Guild Wars 2

Yes it is true what you say.
I still find it hard to believe they are bruteforcing, as this would take hours upon hours to break just 1 password, last weekend there was about 10 000 new tickets if remember correctly, mainly hacked accounts. So most likely they have gathered this info elsewhere.

Regarding https://account.guildwars2.com/recovery
This is only usable if the hacker have not changed your e-mail which is the first step they seem to take. Thats what I want them(Anet) to change, give us the possibility to restore our accounts based on some other info other than the e-mail or give us the ability to restore our account e-mail.

Chobiko.9182:

Yes, I have seen this before and however much I’d like to believe this is a safe measure, it isn’t.

People use easily compromised email addresses as their master address without thinking twice resulting in a very serious security concern.

ArenaNet is already using the games serial as a recovery method, this serial should not be stored in your email address where most of us first got it. It should be copied and stored in a safe vault, and the email containing it should be deleted from the mail server.

That way you should be 100% in control of your account, even if it were to be hijacked.
You can recover your account by using account name, serial and a character name on your account.

Now that last, part of the verification process (character name) is a weak leg and should be replaced with either card number, personal secrets, or phone verification (do you hear ArenaNet?).

Hmm, not sure if I agree with that 100%.
My e-mail has an unique password and I got hacked, im thinking that the majority of the hackers dont target the e-mail adress, they’d be stupid not to change credentials of the mail account aswell or atleast remove the mails sent by Anet stating that the e-mail has been changed, to further delay the recovery, they might be to stupid for this though.
I can admit I used the same password for GW2 that I have used for other games and services (Such as twitter and dropbox.), lesson learned!.

I have never had an comprimised account before, my Microsoft Essentials had not reported anything suspicious, I have since this incident added multiple layers of security that actually caught some spyware/malware so I think this is one of their ways in.

The strange thing I find is all the reports of compromised accounts that ensure that they have had unique passwords for both e-mail and GW2, pointing towards a breach at Anet. Im relatively sure they arent bruteforcing their way in (some cases they seem to do but it seems like they already have your info when they try to access your account)

Regarding the statement of having the serial secured, this is very true but you wont be 100% in control of your account as when Anet asks for account name the in fact mean E-Mail. If the e-mail is changed you’re 0% in control. I think you are confusing Display name and account name?

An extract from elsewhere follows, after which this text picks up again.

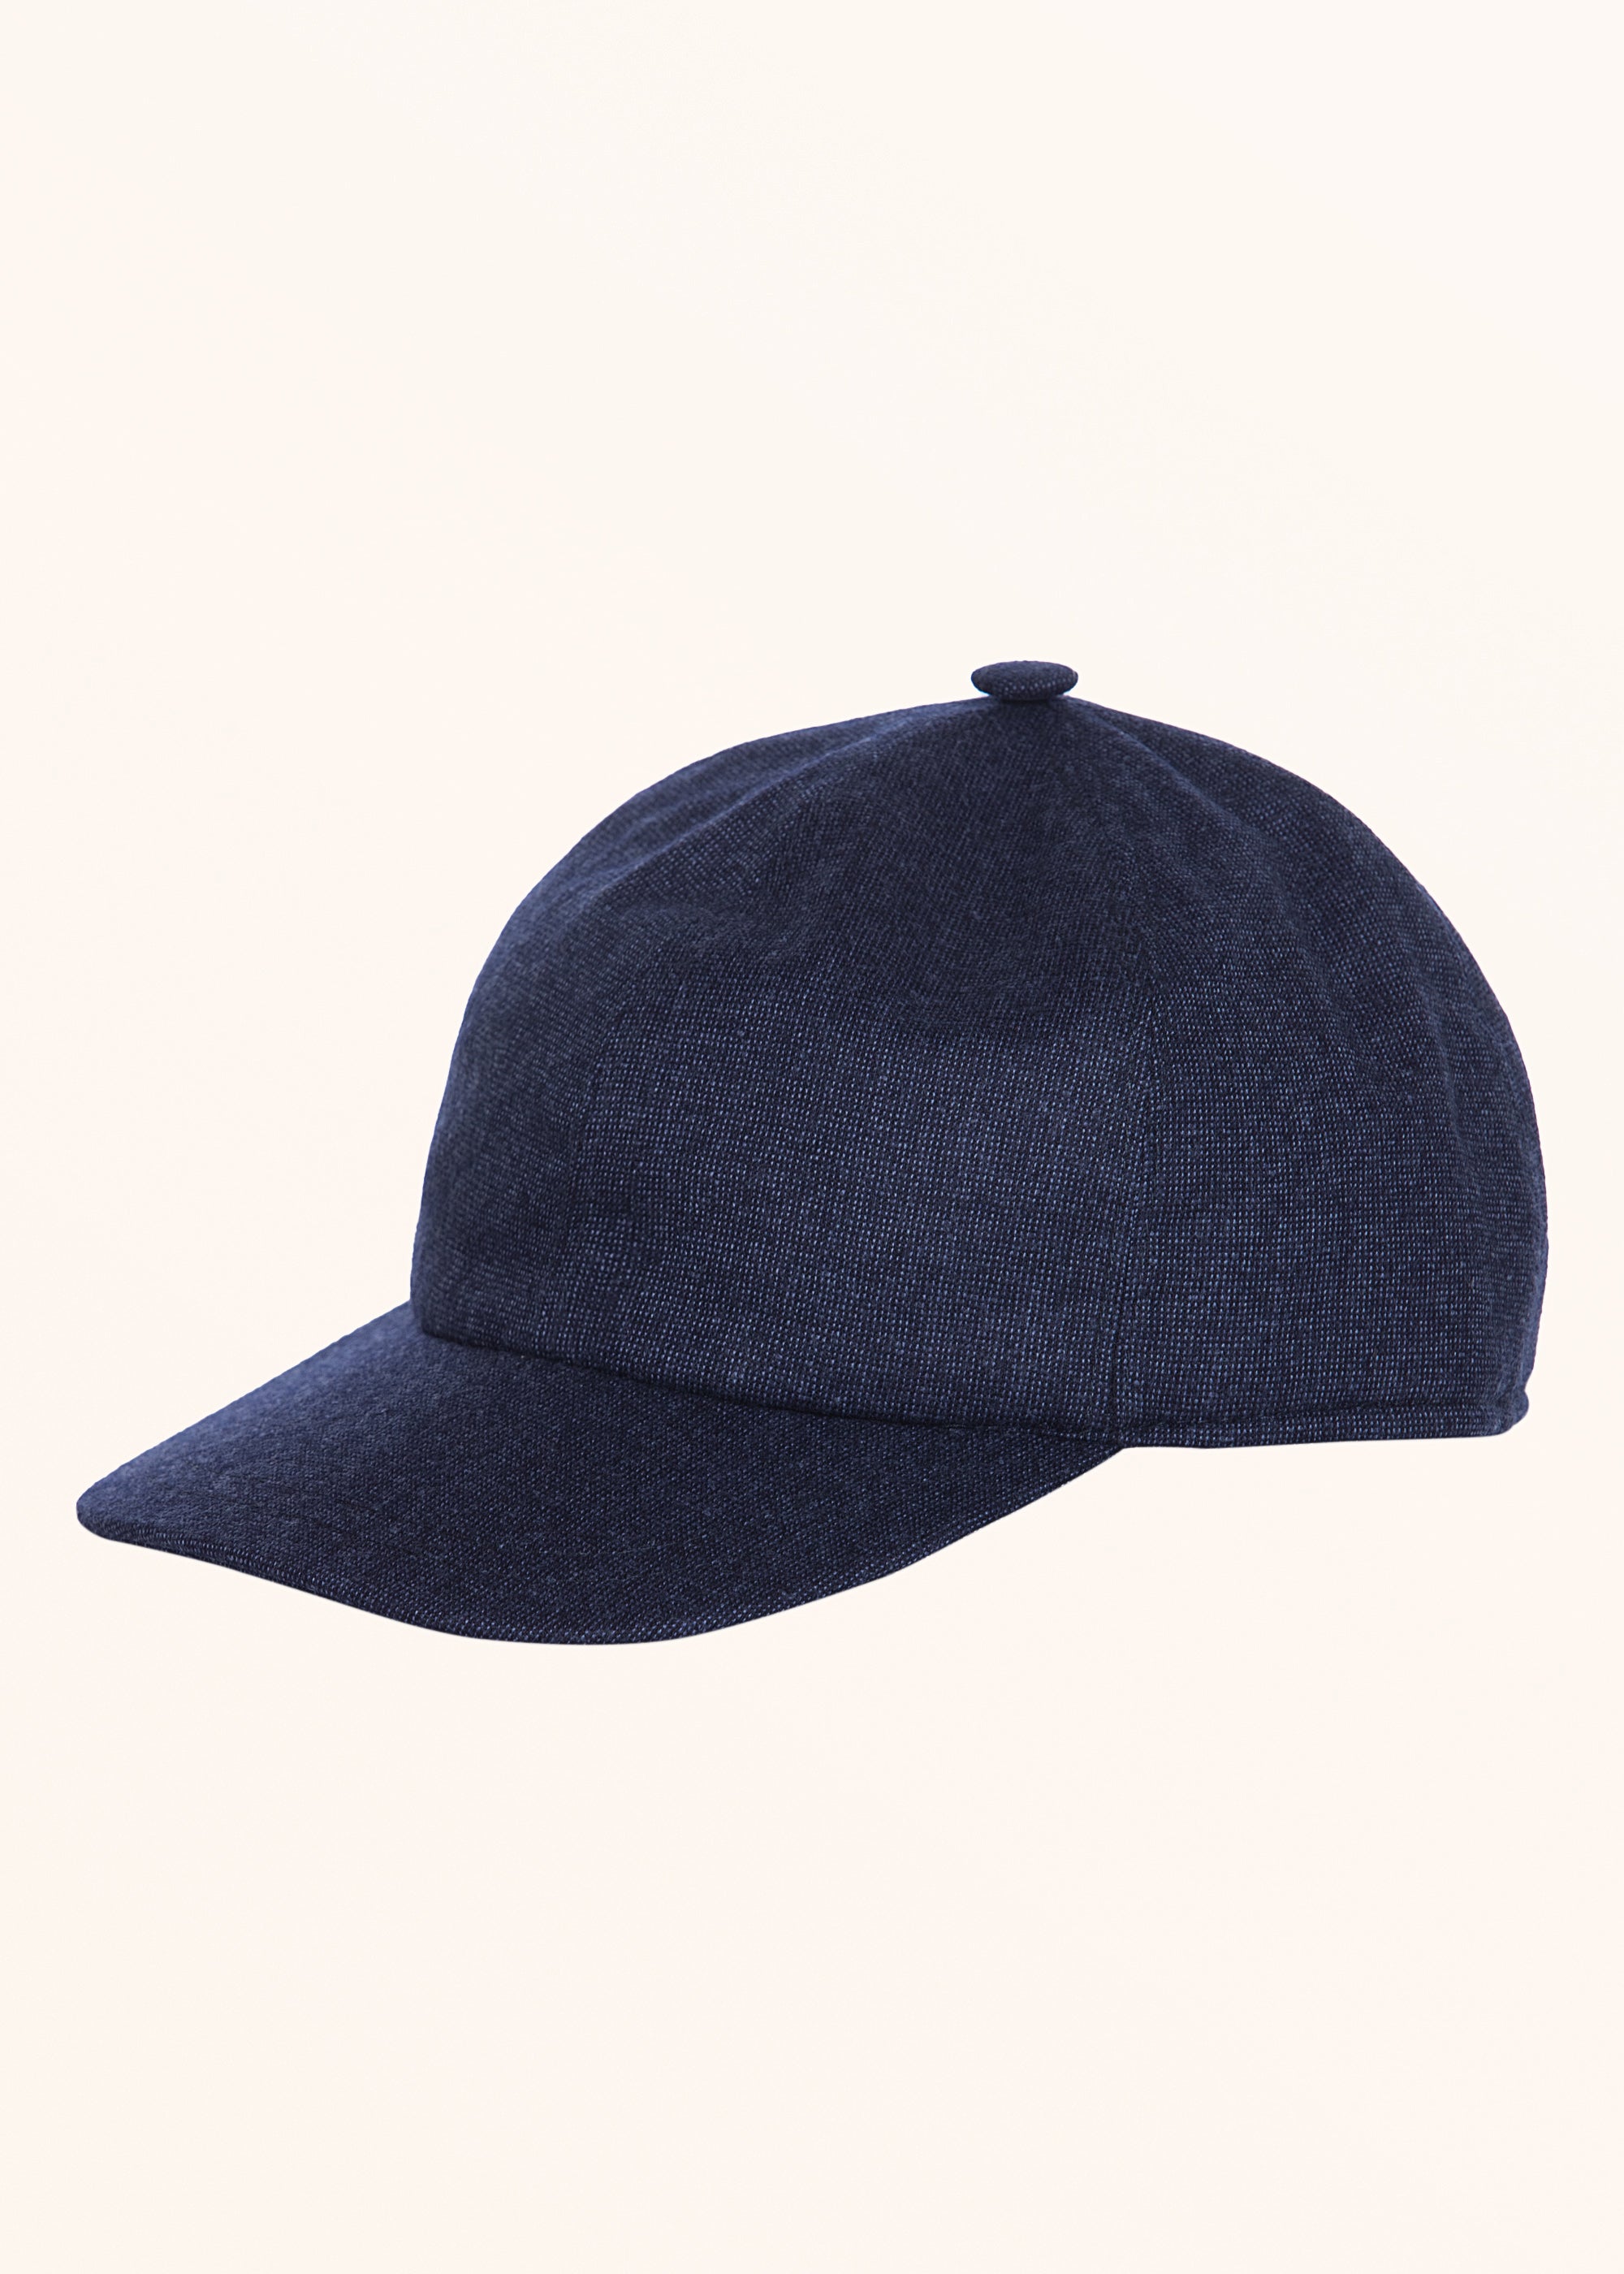 Europe – virgin man, Form for Baseball in wool Kiton Adjustable Hat

Anyway I think this soloution is still very much valid as everyone seem to have access to their e-mail accounts still. If this feature was implemented right now I could just reset the e-mail and Change passwords for both mail and GW2, solving thousands of tickets of hacked accounts and preventing more tickets with issues of gear and money gone.

If their system is anything like an normal account database this is an very quick fix.
Im sure one of the seasoned experts at Anet could get this system rolling in a local test enviroment in a matter of hours. I see no downsides to trying this.

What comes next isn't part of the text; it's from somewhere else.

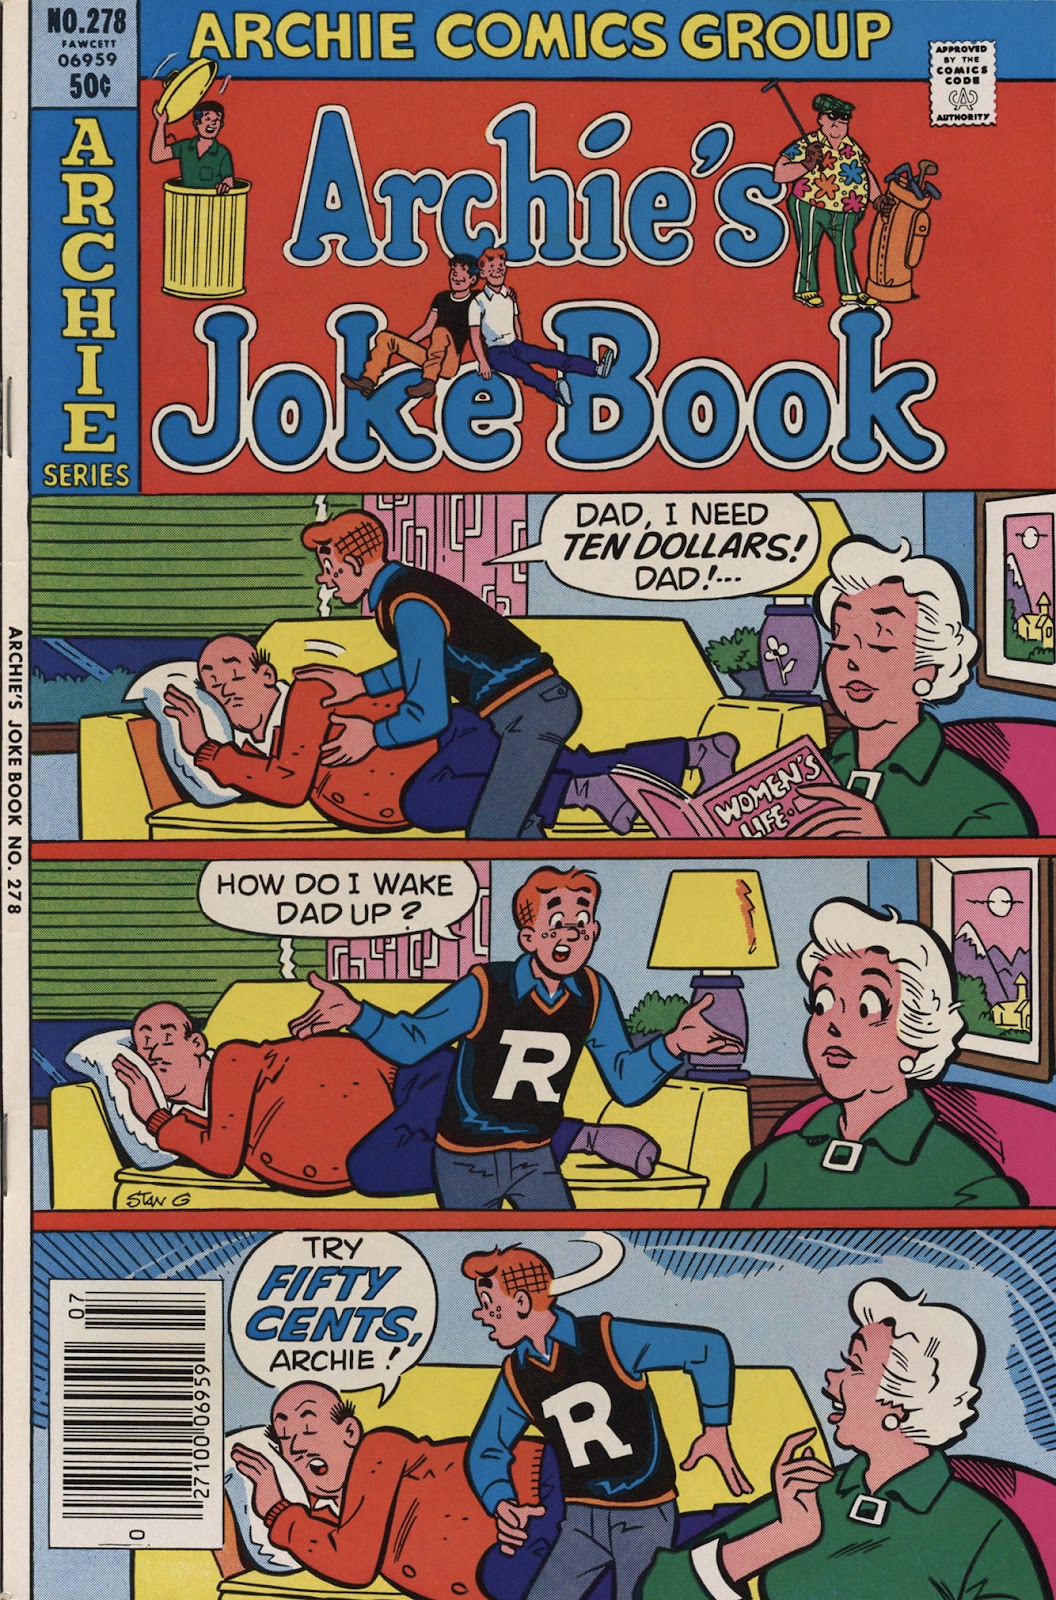 Archie's Joke Book Magazine issue 278 - Page 1

Thanks for the feedback, keep discussing any further ideas to improve the support, it’s better than to just pressing F5 the whole day

@marcusbash.8642
Thank you, hopfully we will recieve a response on this

So in all this madness, me as a amateur webdeveloper is wondering why you have not implemented a master e-mail table in your account database.

Example:
1. Make a new table in the database, “gw_mastermail” we will call this table. (Here the original e-mail that we registered the product will go, and the users cant change this in any way.)

2. Make the users understand that the e-mail they register the account to will become master e-mail (This can only be changed via support, however users can still change their active e-mail adress as they do today)

3. Add this option to the Recovery so we have the ability to choose;
1 Recover Password,
2 Recover E-Mail

When a user requests an e-mail restore, you grab the data in table “gw_mastermail”
and write it to the active account e-mail.

If the original e-mail adress is completely gone out of your database when accounts are hacked, im sure you have logs to grab the original e-mail adresses from, just shell script it and add it to this “gw_mastermail” Im pretty sure that I myself could have done this in 1 day. Just make a copy out of the current database and make local tests.

Also dont forget step 4

4. Just watch as thousands of tickets automaticly gets resolved.

Please give us some feedback on your thoughts on this at Anet.

Thank you for your time, hope you are working on something like this or that I maybe gave you an idea to how to solve some problems.